WHAT THE EXERCISE ASKS =>
Only an exact repeat of the listing, without its images, counts as the answer.

== INFORMATION PROVIDED

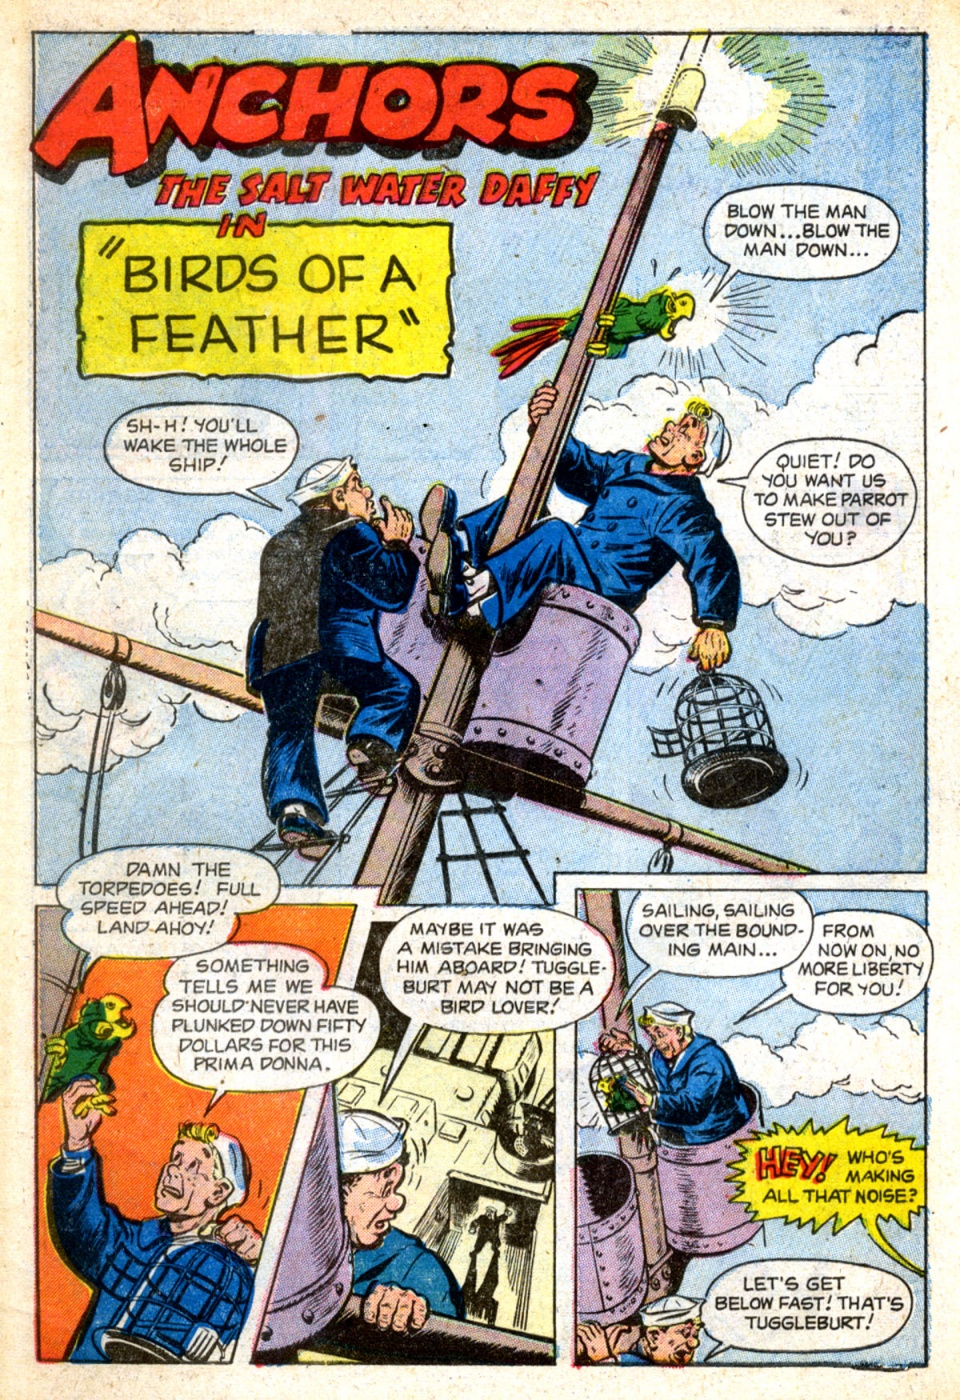 Anchors the Salt Water Daffy - Comics (b) (3)
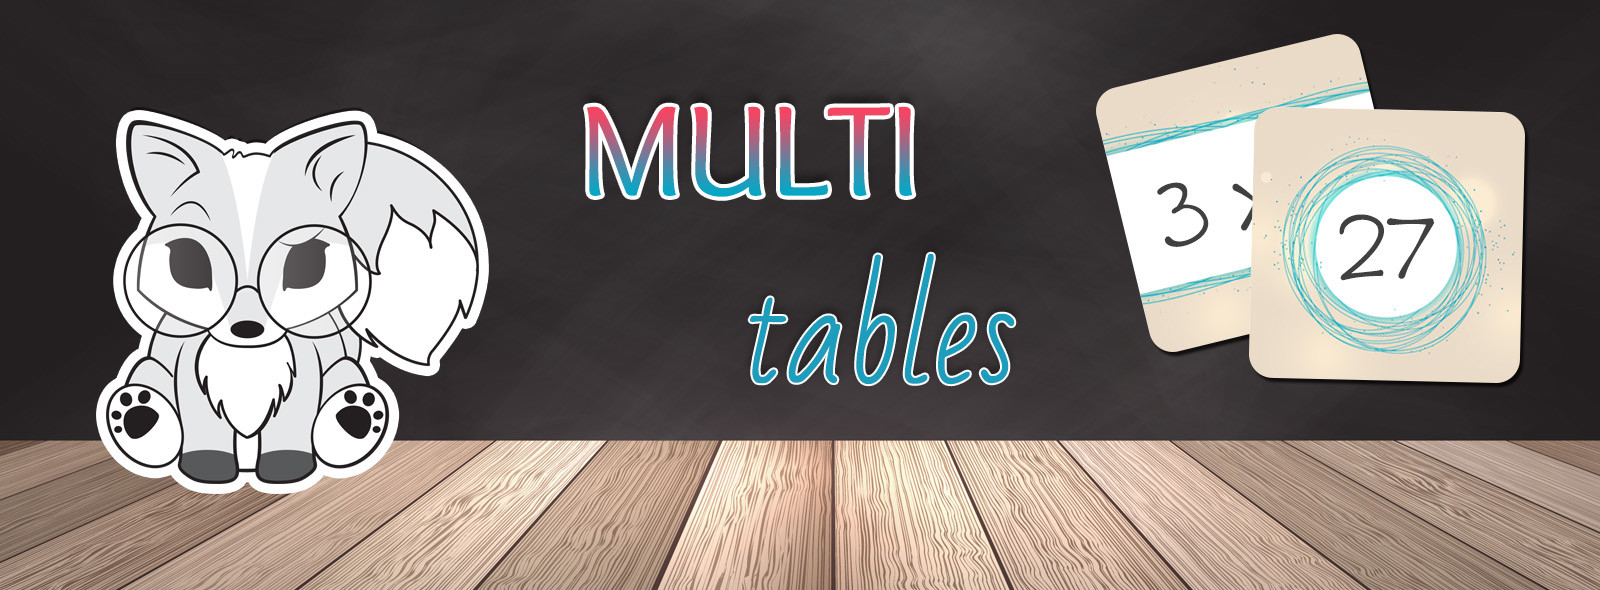 Multi tables - jeu des tables de multiplications
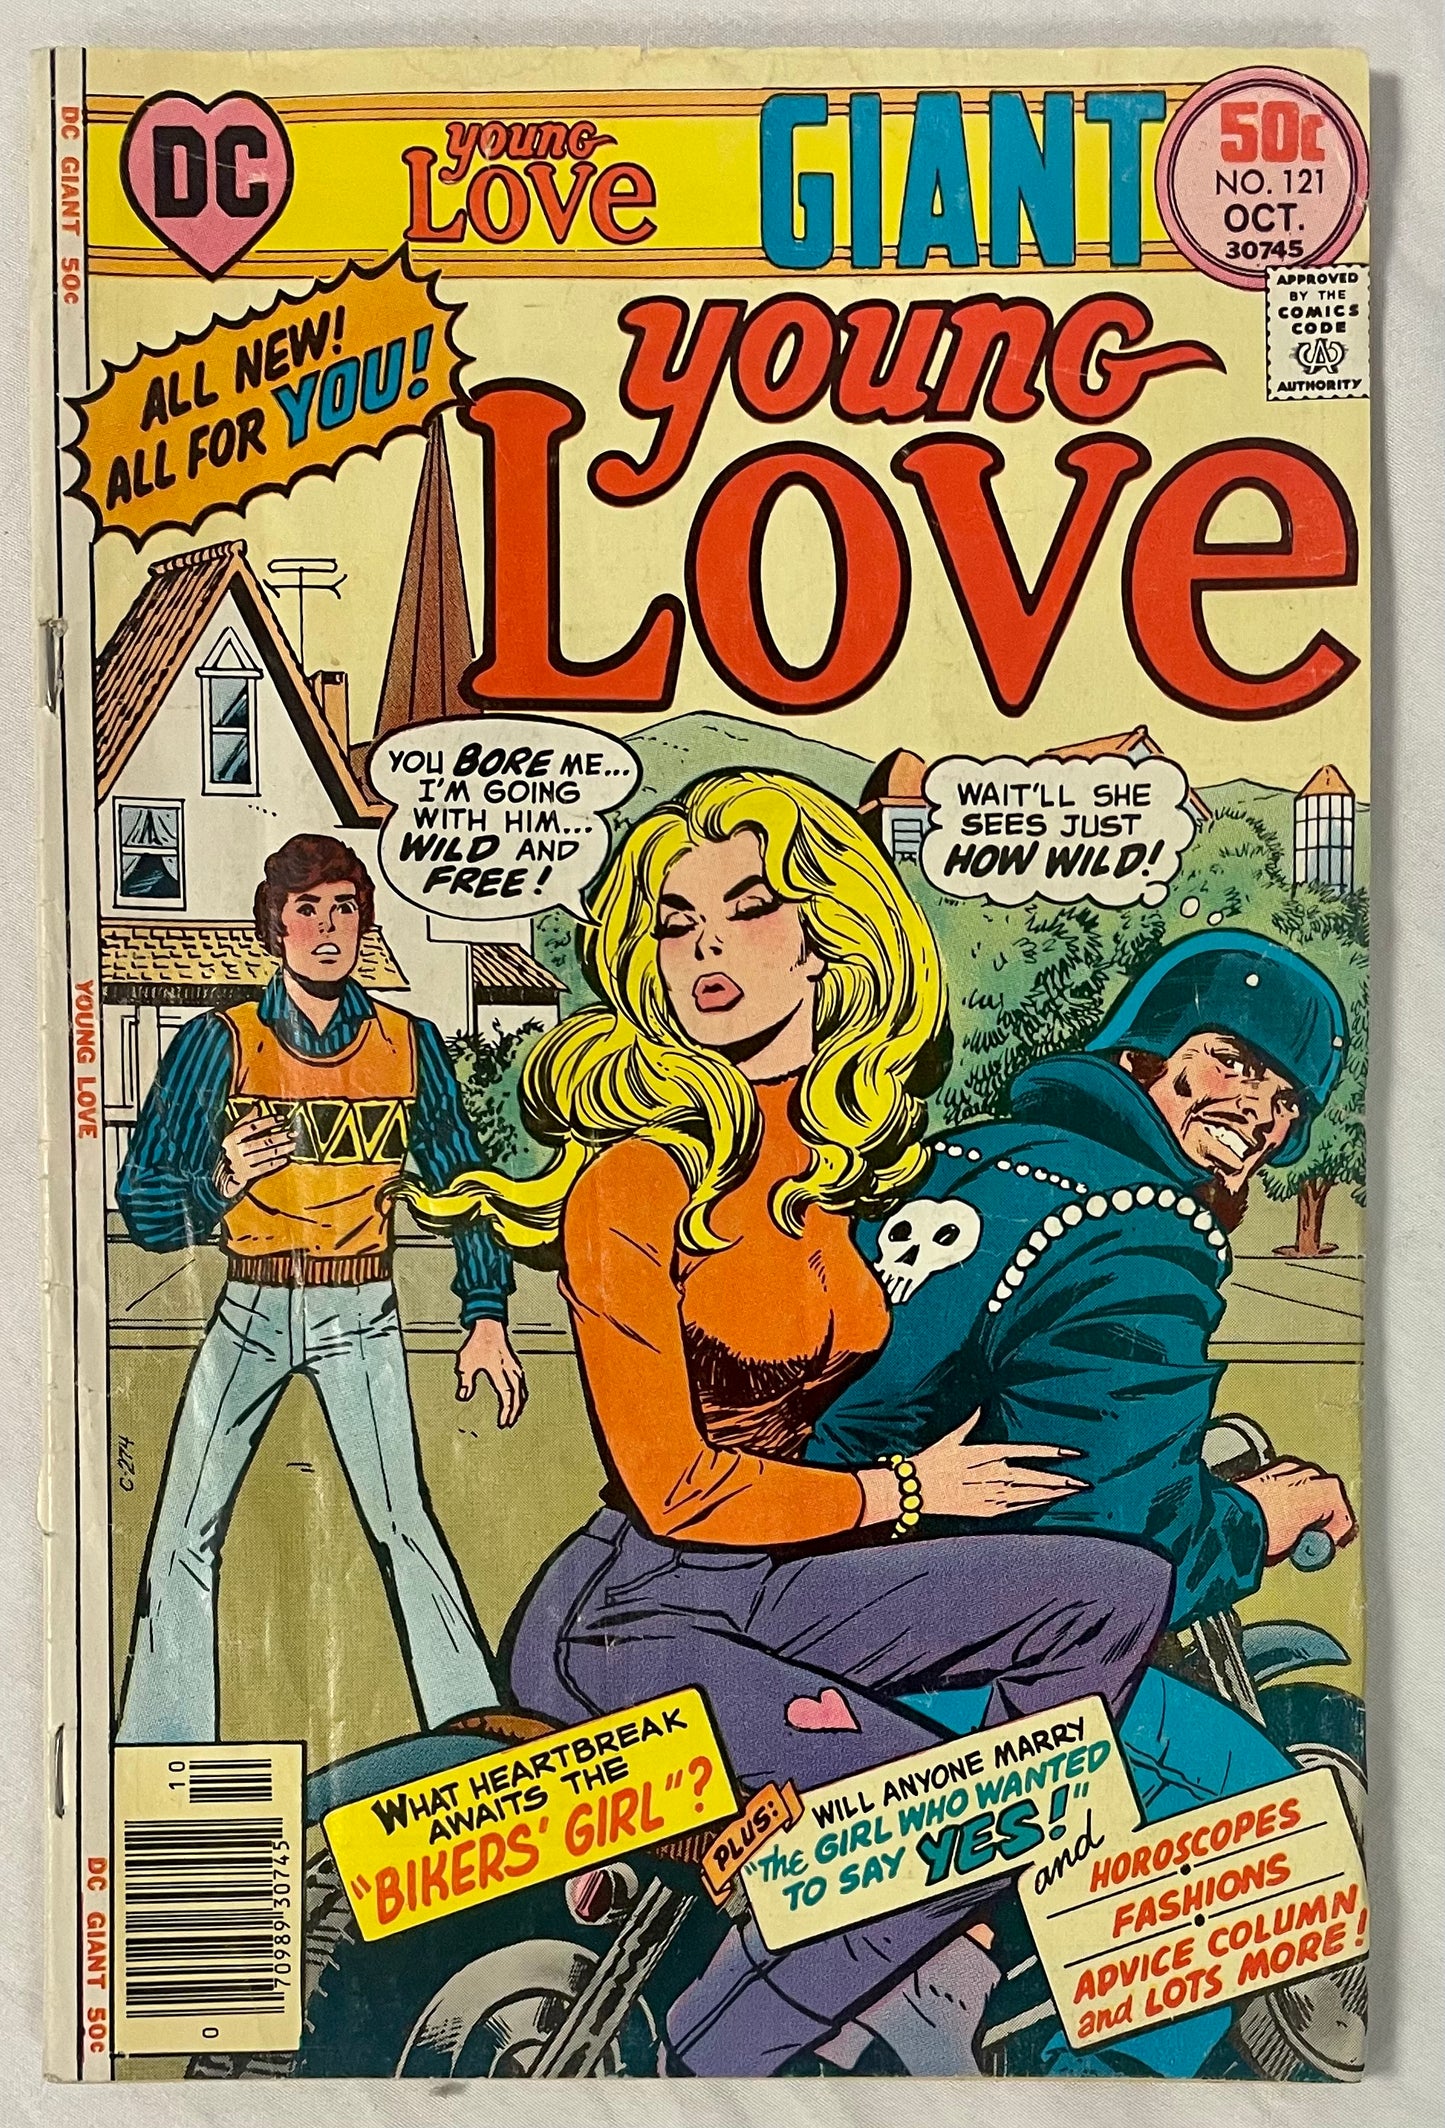 DC Comics Young Love Giant No. 121
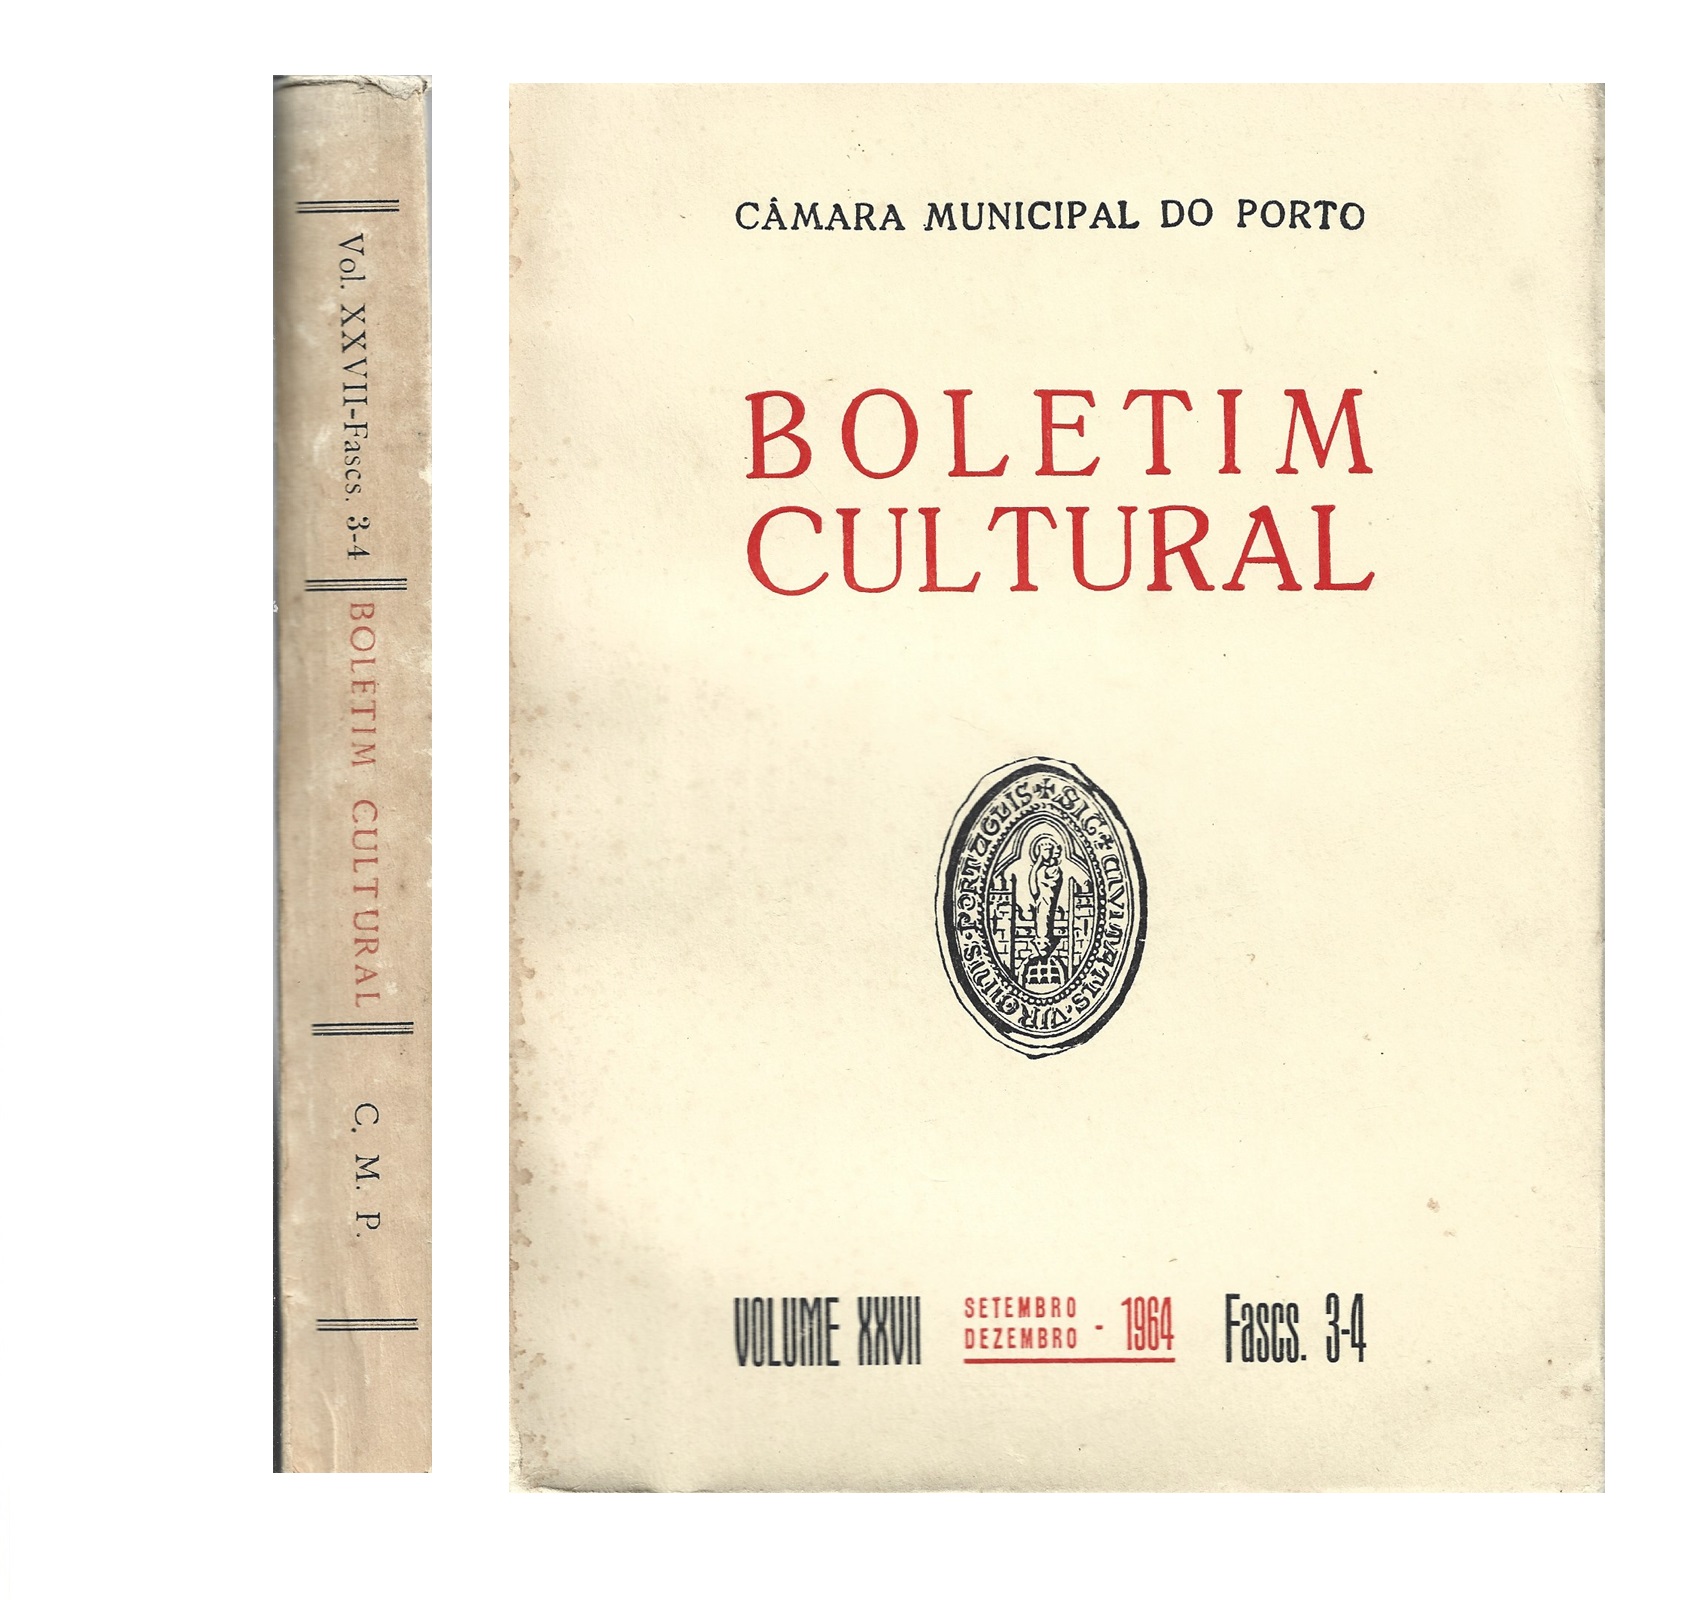 B. C. PORTO VOLUME XXVII, 1964. FASCS. 3-4

====

RESULT OF THE EXERCISE =>
 Anchors the Salt Water Daffy - Comics (b) (3)
 Multi tables - jeu des tables de multiplications
 DC Comics Young Love Giant No. 121
 B. C. PORTO VOLUME XXVII, 1964. FASCS. 3-4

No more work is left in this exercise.